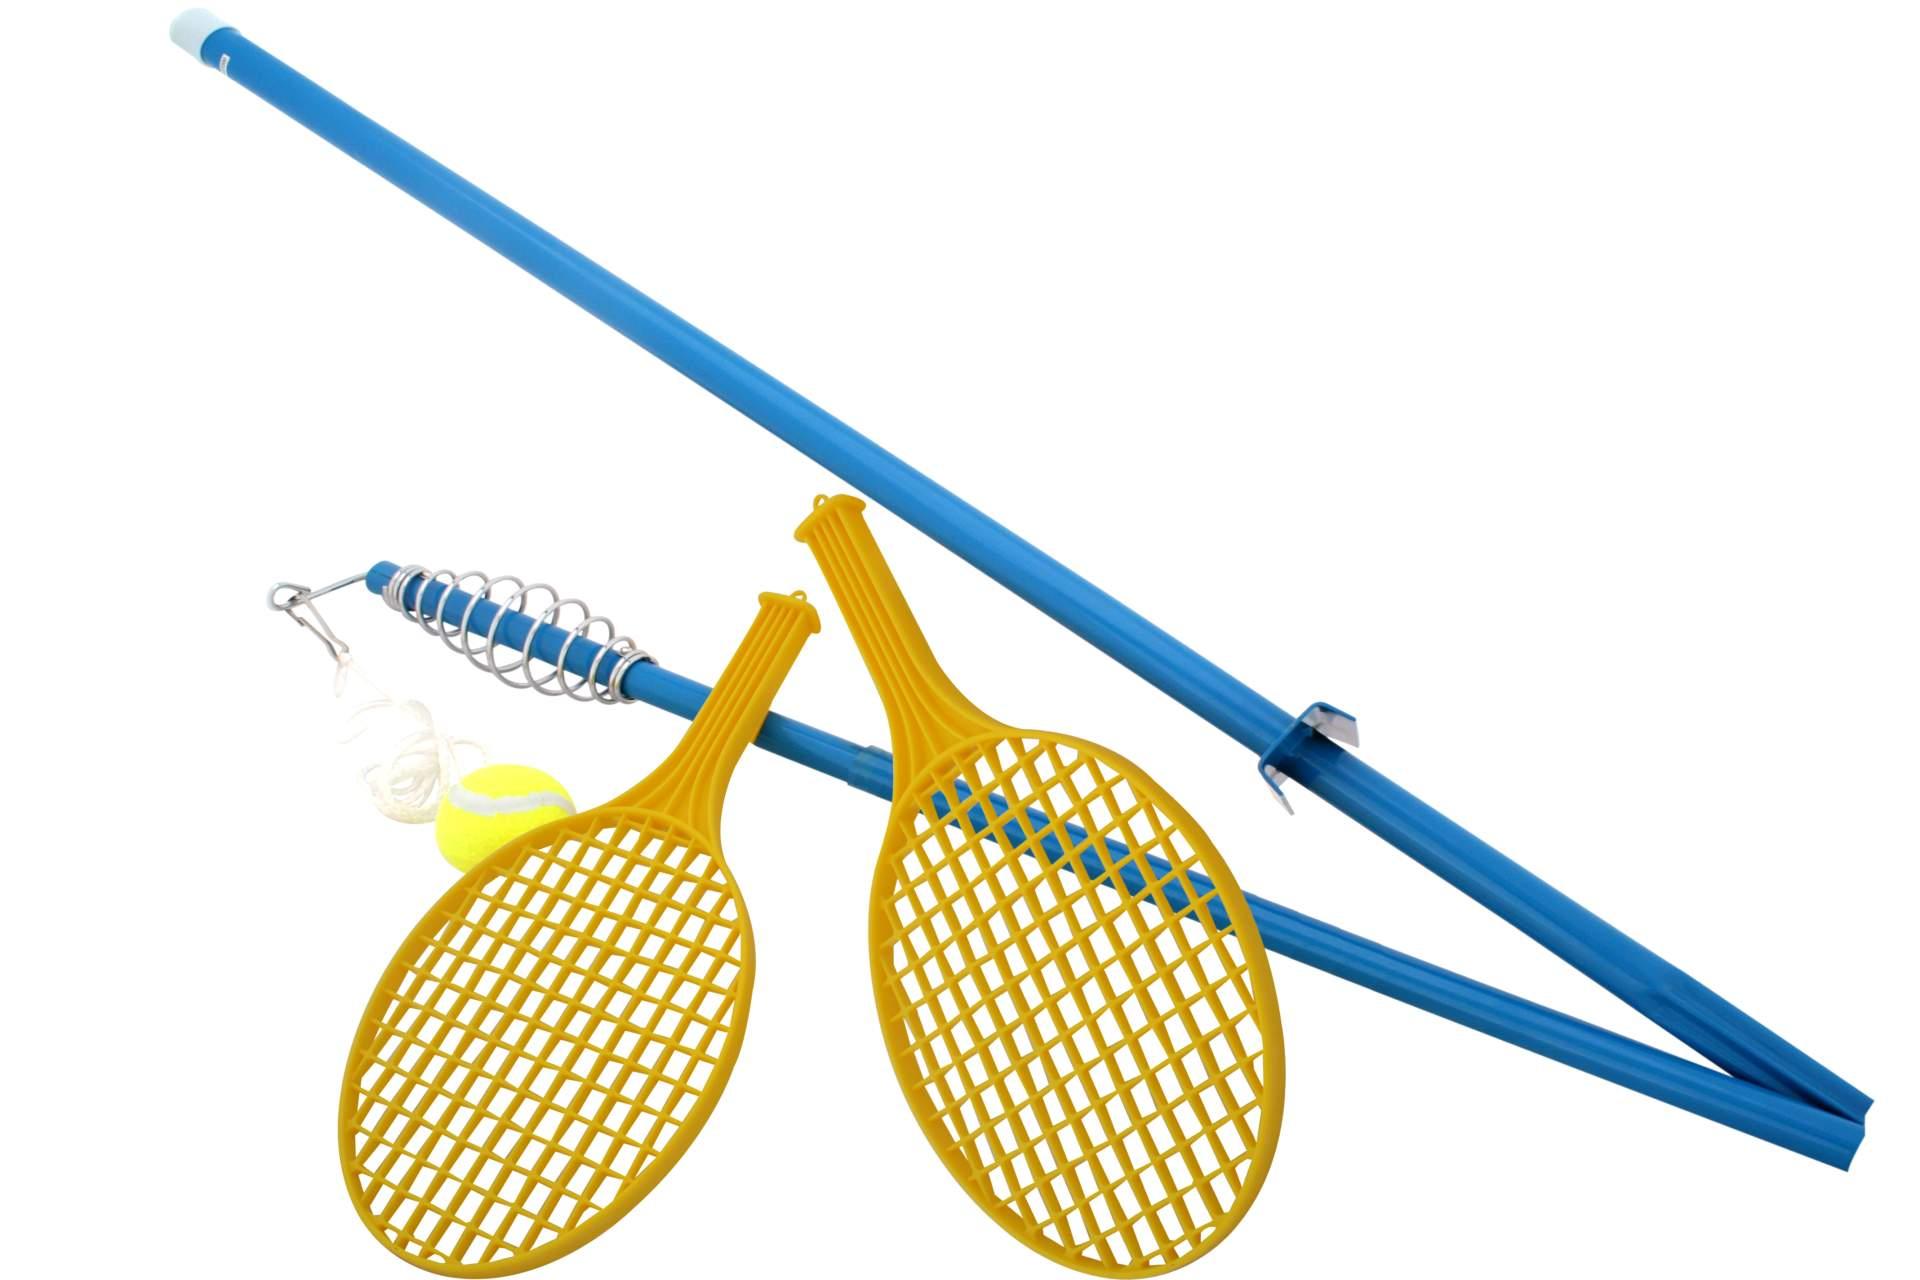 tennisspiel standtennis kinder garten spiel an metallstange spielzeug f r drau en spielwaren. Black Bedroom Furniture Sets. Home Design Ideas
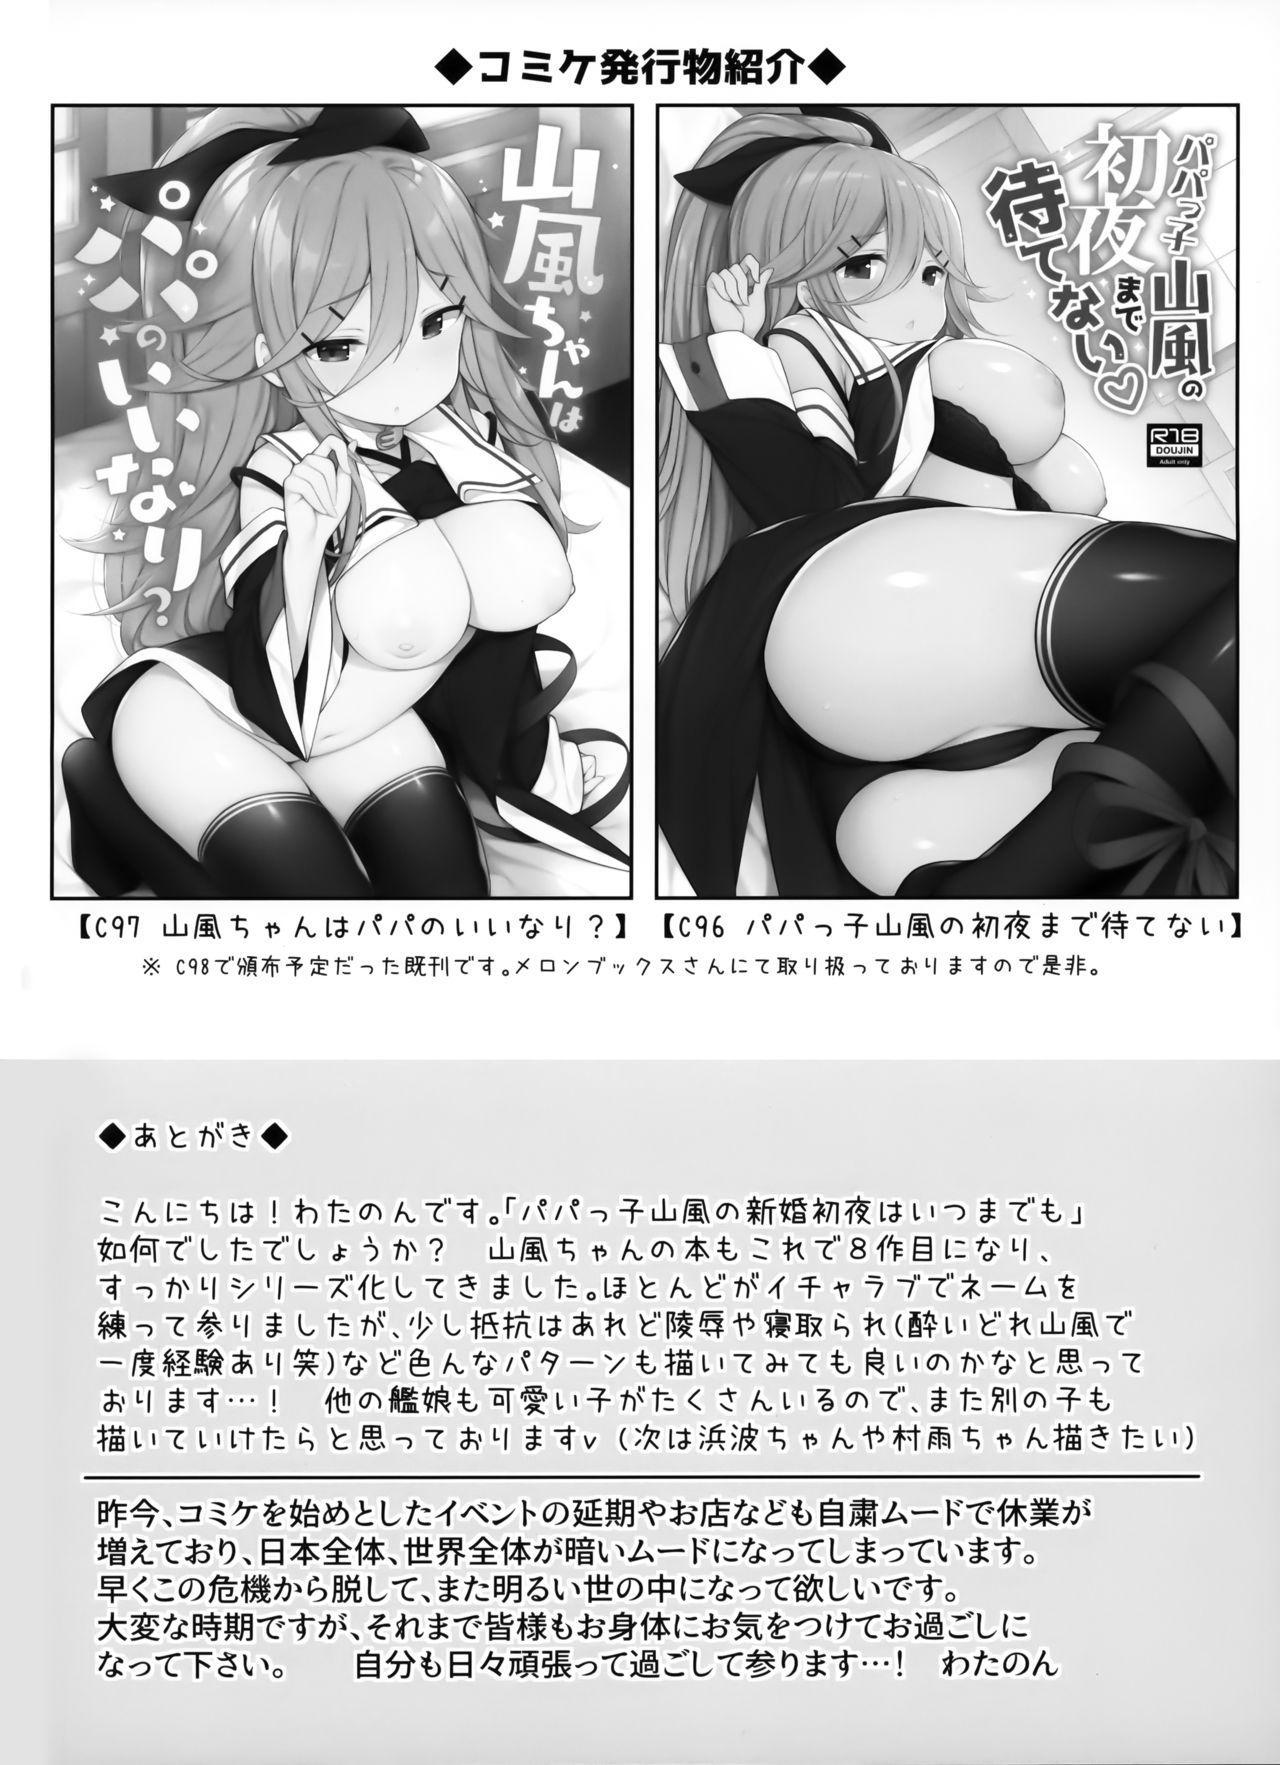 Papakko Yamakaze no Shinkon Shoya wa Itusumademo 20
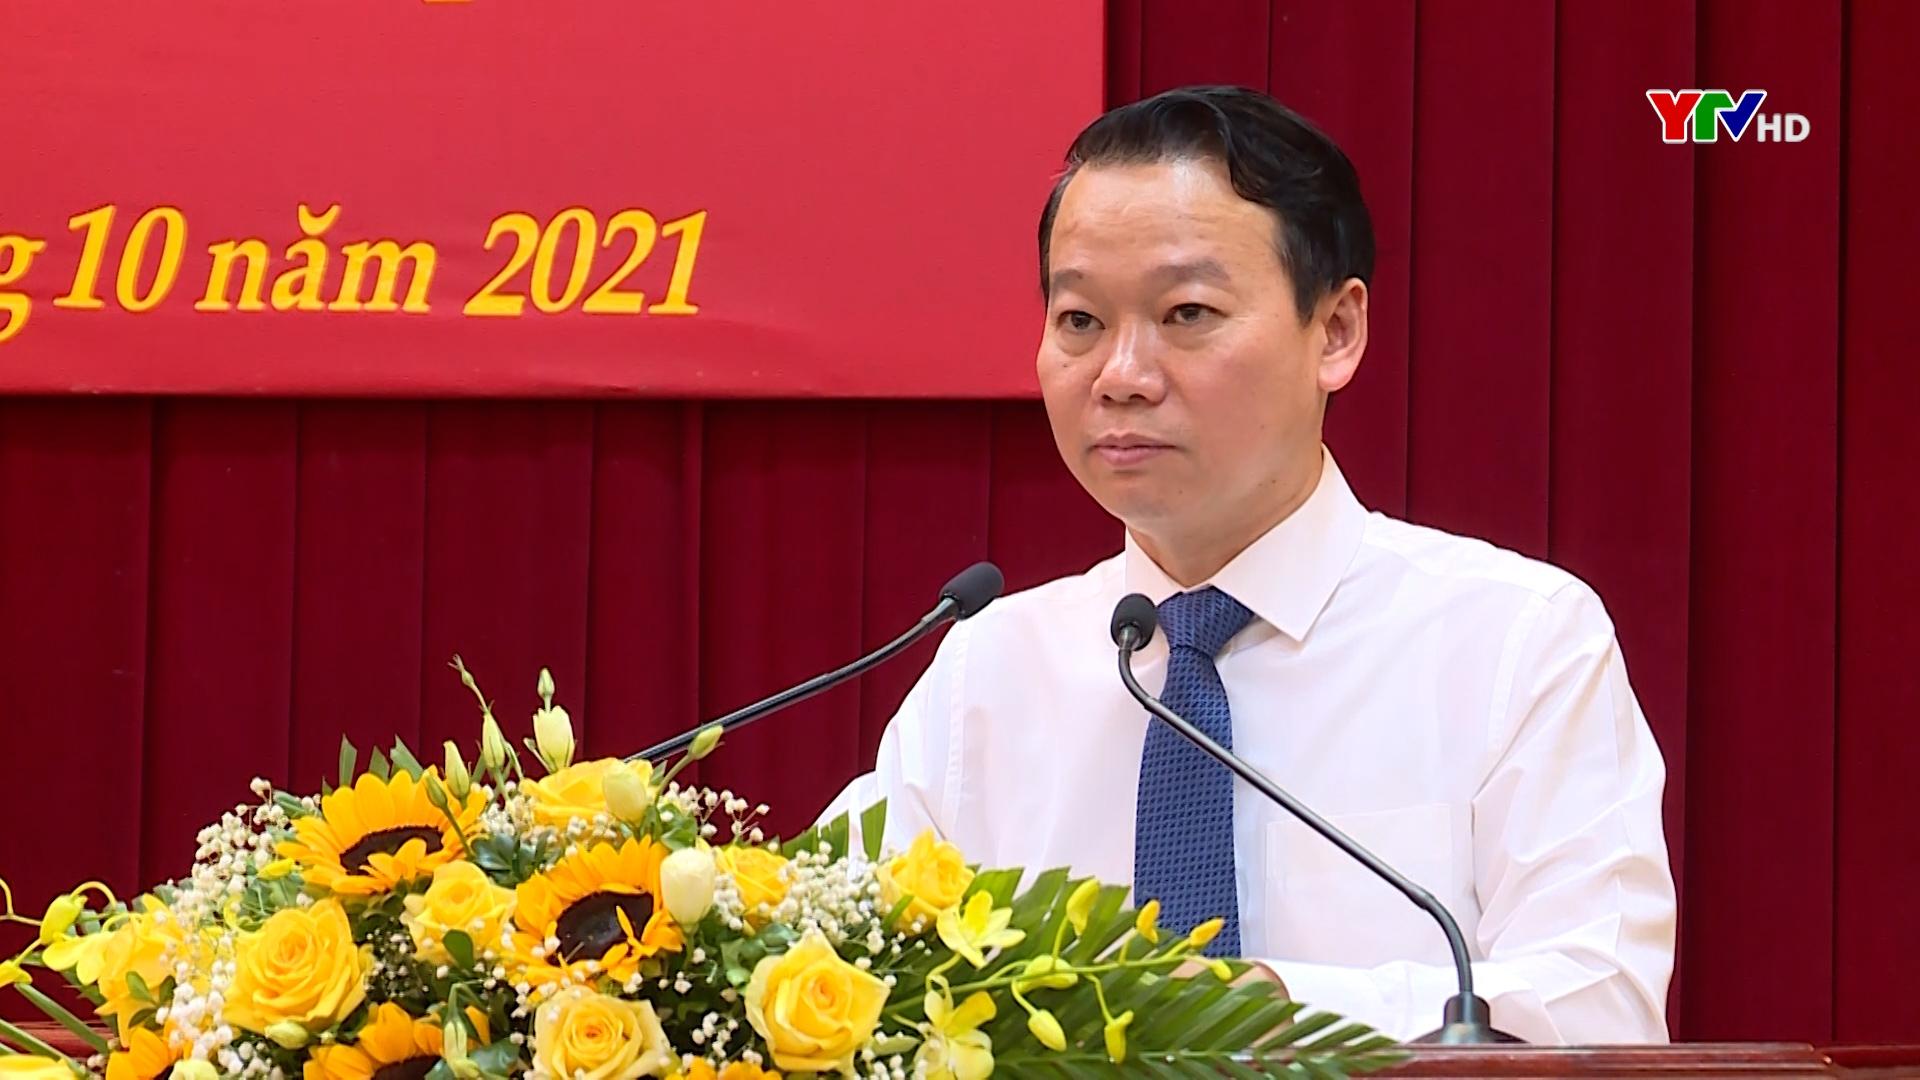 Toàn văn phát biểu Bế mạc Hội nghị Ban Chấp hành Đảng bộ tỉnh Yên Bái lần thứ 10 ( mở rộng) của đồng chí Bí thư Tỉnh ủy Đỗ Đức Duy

> _Problem details_
Give back an exact copy of only the lines from the one with "Papakko Yamakaze no" through the final line of the material, both included. Pictures do not belong in it.

> _Task output_
 Papakko Yamakaze no Shinkon Shoya wa Itusumademo 20
 Toàn văn phát biểu Bế mạc Hội nghị Ban Chấp hành Đảng bộ tỉnh Yên Bái lần thứ 10 ( mở rộng) của đồng chí Bí thư Tỉnh ủy Đỗ Đức Duy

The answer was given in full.